In the listing below, locate the line that contains "April Sound Condominiums" and the line that contains "sg_sunset_28.jpg". Restate word for word those two lines and every line between them, and nothing else.

» Data supplied
--- START ---

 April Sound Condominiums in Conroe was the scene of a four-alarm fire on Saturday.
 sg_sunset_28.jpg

--- END ---
--- START ---

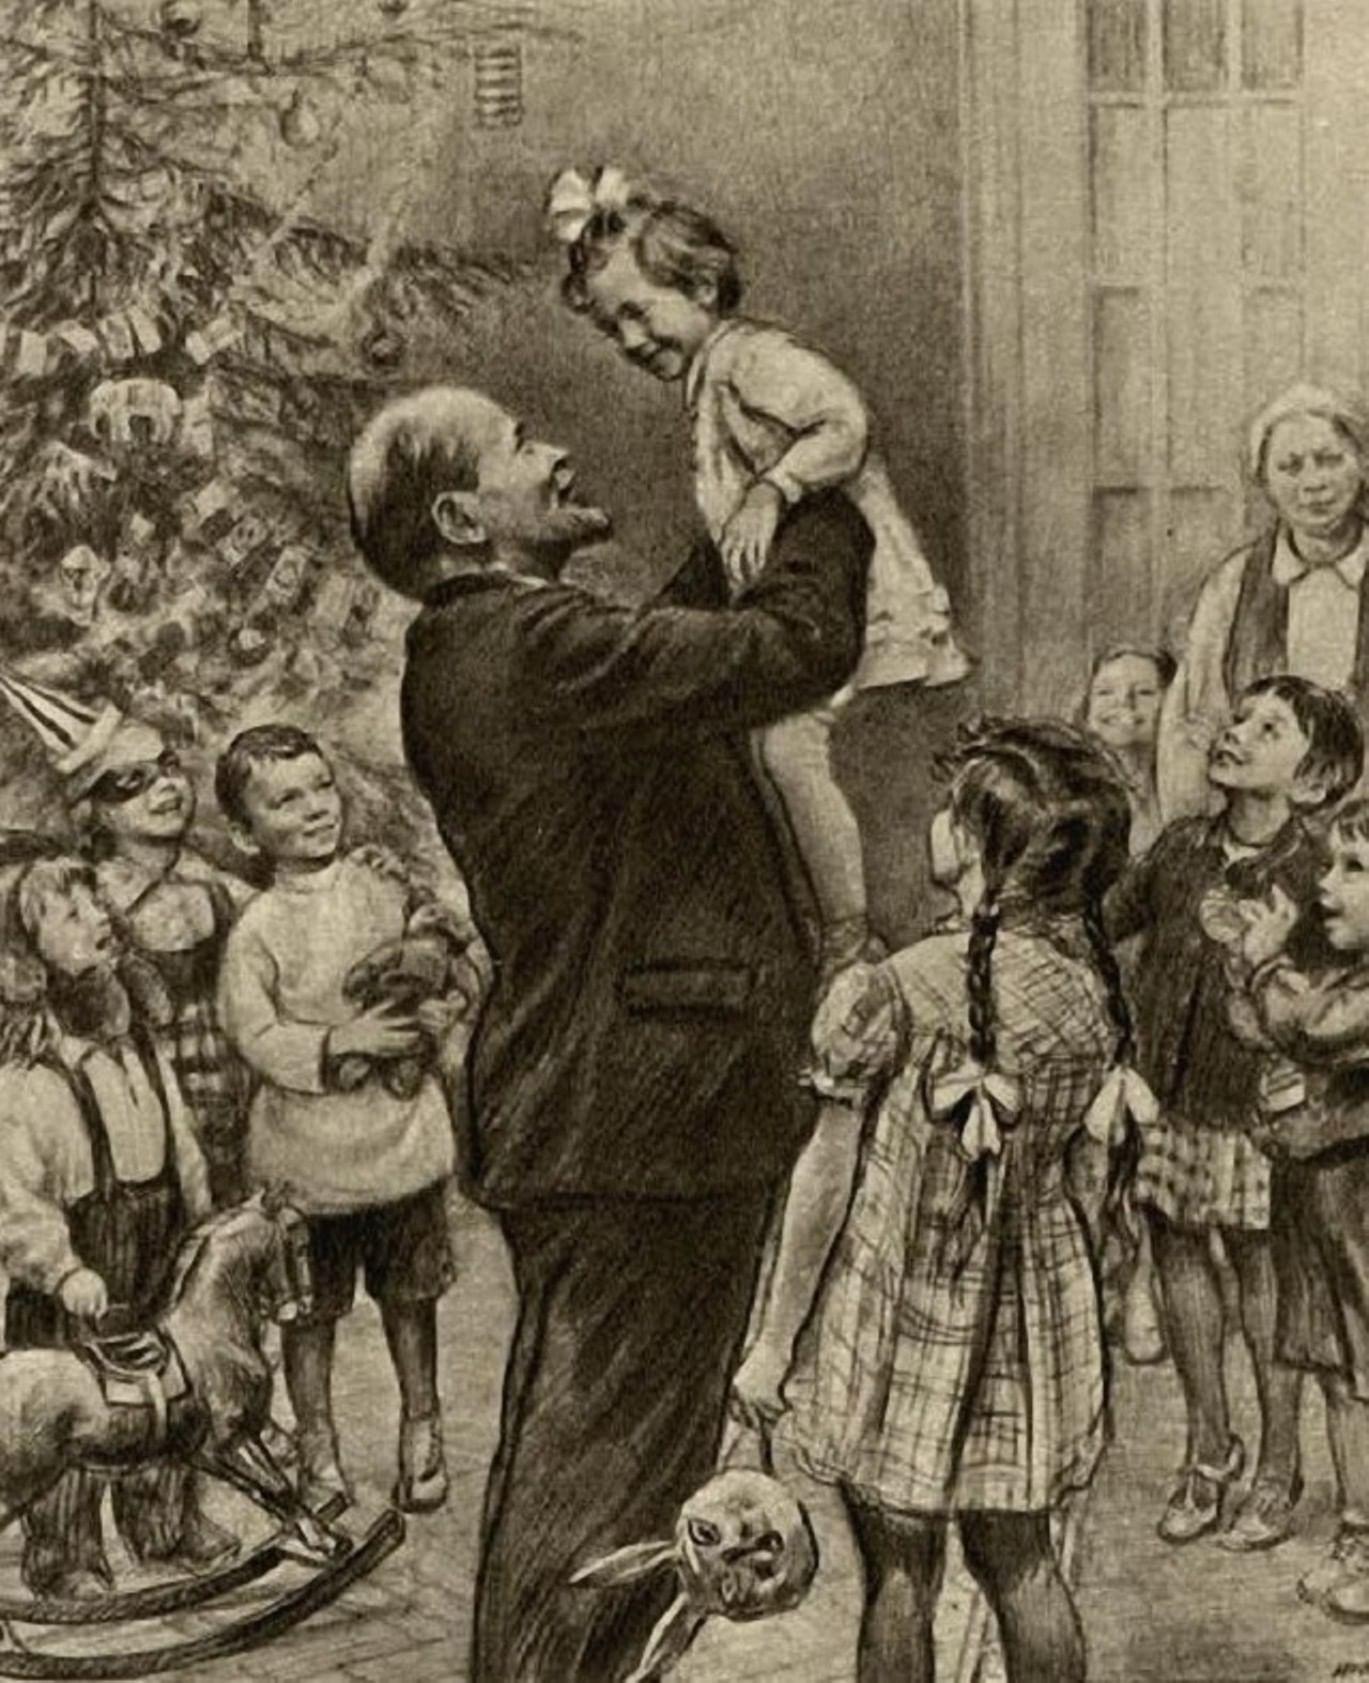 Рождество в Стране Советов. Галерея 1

--- END ---

» Result for this exercise
 April Sound Condominiums in Conroe was the scene of a four-alarm fire on Saturday.
 sg_sunset_28.jpg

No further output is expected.